# Smoke unit and LGB wiring, and some other help needed!



## DarkTalon (Nov 8, 2008)

Alright, so i have an LGB 2090 diesel (not my pic..but this is it.. http://members.optusnet.com.au/lambingflat/050702.jpg ) and I want to add a smoke unit, lights, and maybe sound(if there's room), but I'm unfamiliar with LGB wiring... all i see without tearing the motor block apart is 2 leads labeled BR and GR and connected with a jumper...and on the other side, a lead that says WS.. anyone know what these are all for or how I could wire in the stuff I want to ad?

Now..the smoke unit I have an older Aristo smoke unit from an SD45 laying around that works but cuts out every now and again..but good enough for this little project.. but I need a round stack, what would be the best way of sealing it off to work with a round stack? JB Weld? And while on the topic of a stack..anyone know the best way to make something like this? (again not my pic..) 

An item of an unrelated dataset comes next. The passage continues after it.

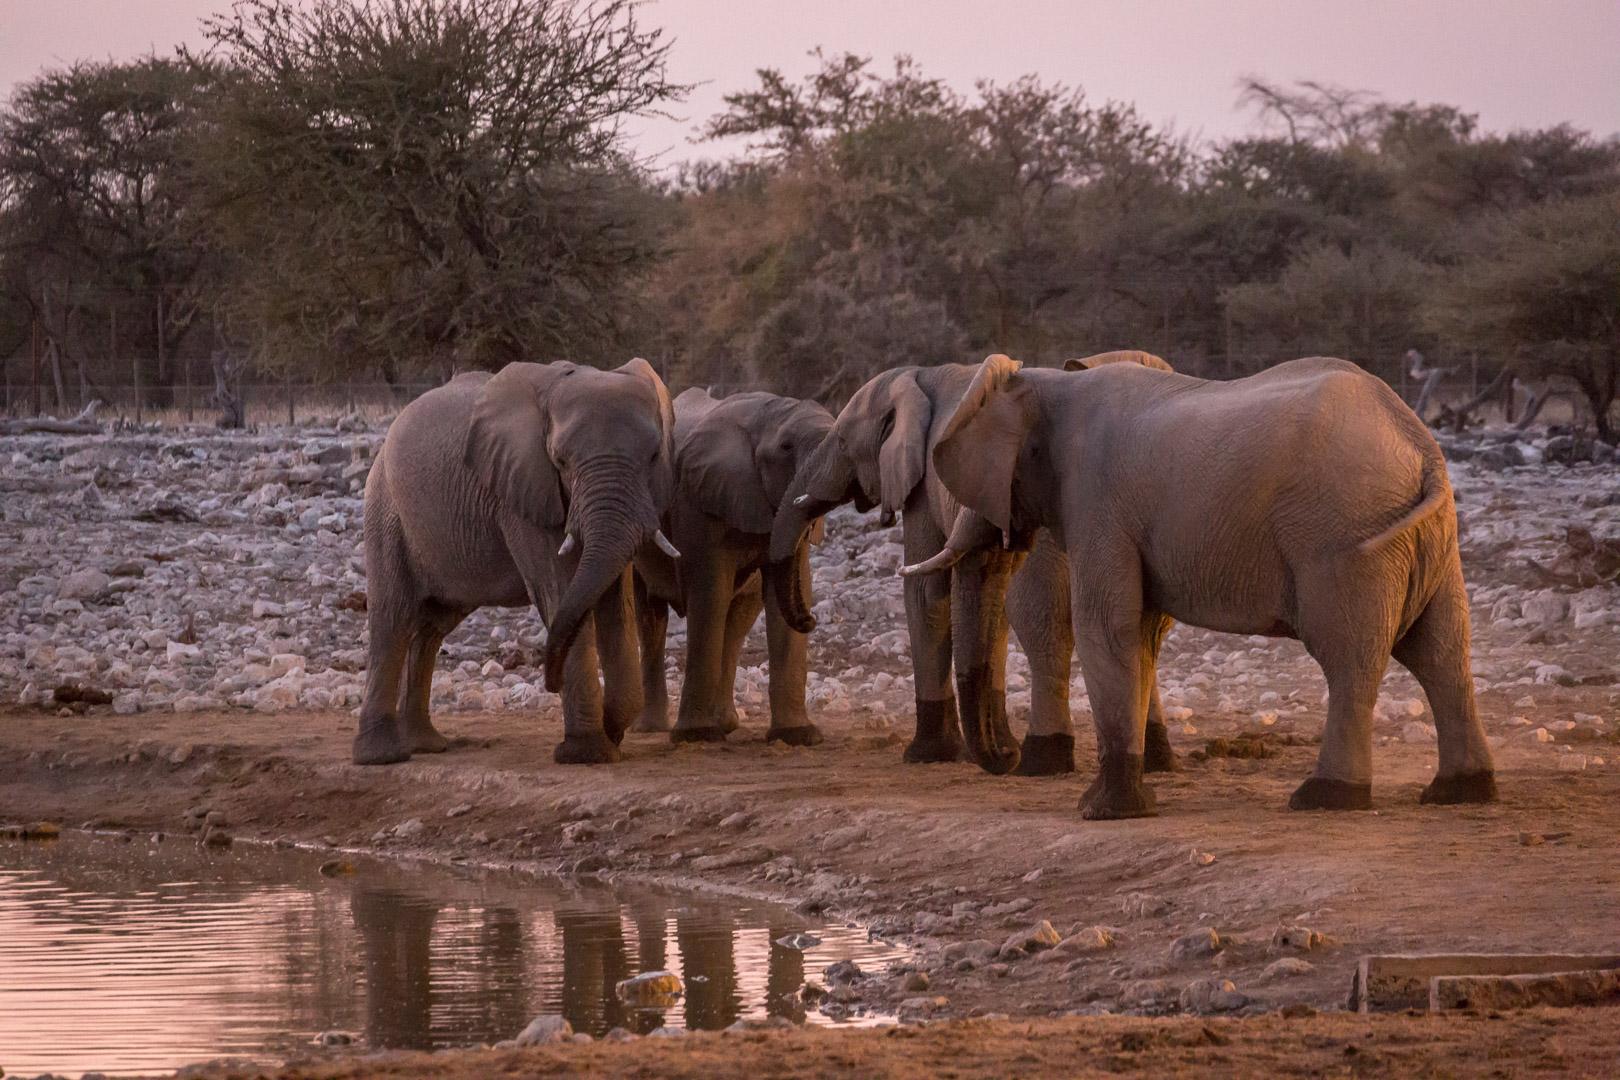 27.7. Okaukuejo Waterhole - Elefantenrat

http://www.supertruckusa.com/Assets/Images/54896/54896-md.jpg it doesn't have to function(preferred not to function, just stay in an open position)..and for those that can tell what it is in the pic..you've all seen them on a semi-truck, bulldozer,tractor, or small diesel loco stack at least once before..they're a rain cap for straight cut stacks... THANKS!


----------



## Dan Pierce (Jan 2, 2008)

I have added lights and sound to this engine. Plenty of room under the hood. 

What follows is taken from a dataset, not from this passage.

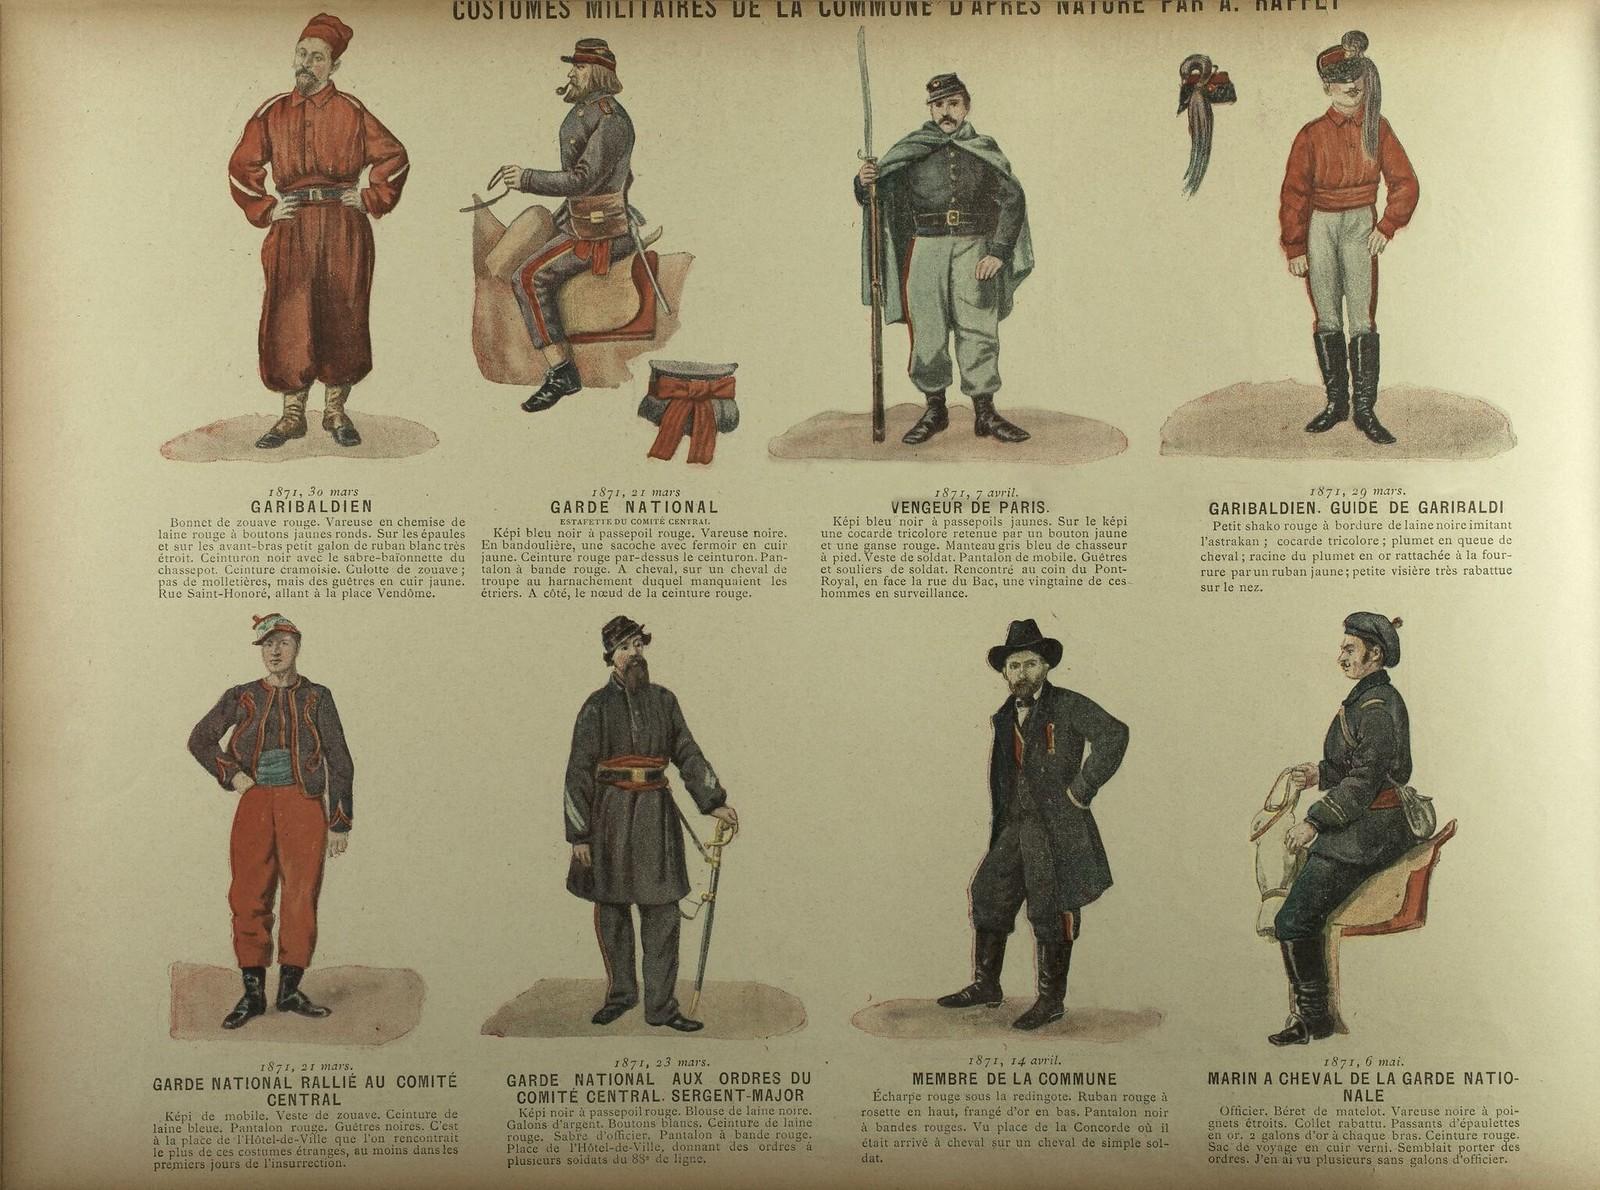 Рисунки различной формы войск Французской Коммуны в марте-мае 1871

You can get LED's in 3mm and 5mm versions. 

The wiring on the motor block is simple, outer wires are the motor itself, and the inner wires are track power. USA motor blocks are the same. 

The letters are German color codes for BRown (BN), GReen, WS is white and the other is yellow.


----------



## DarkTalon (Nov 8, 2008)

Alright, another question..what voltage does the smoke unit need if I decided to make it seperately battery powered?


----------



## George Schreyer (Jan 16, 2009)

see http://www.girr.org/girr/tips/tips6/2060_dcc_tips.html for some info on a similar loco, a 2060. 

Also see 

http://www.girr.org/girr/tips/tips8/sd45_tips.html 
and 
http://www.girr.org/girr/tips/tips3/smoke_tips.html 

for some info on the Aristo smoke unit


----------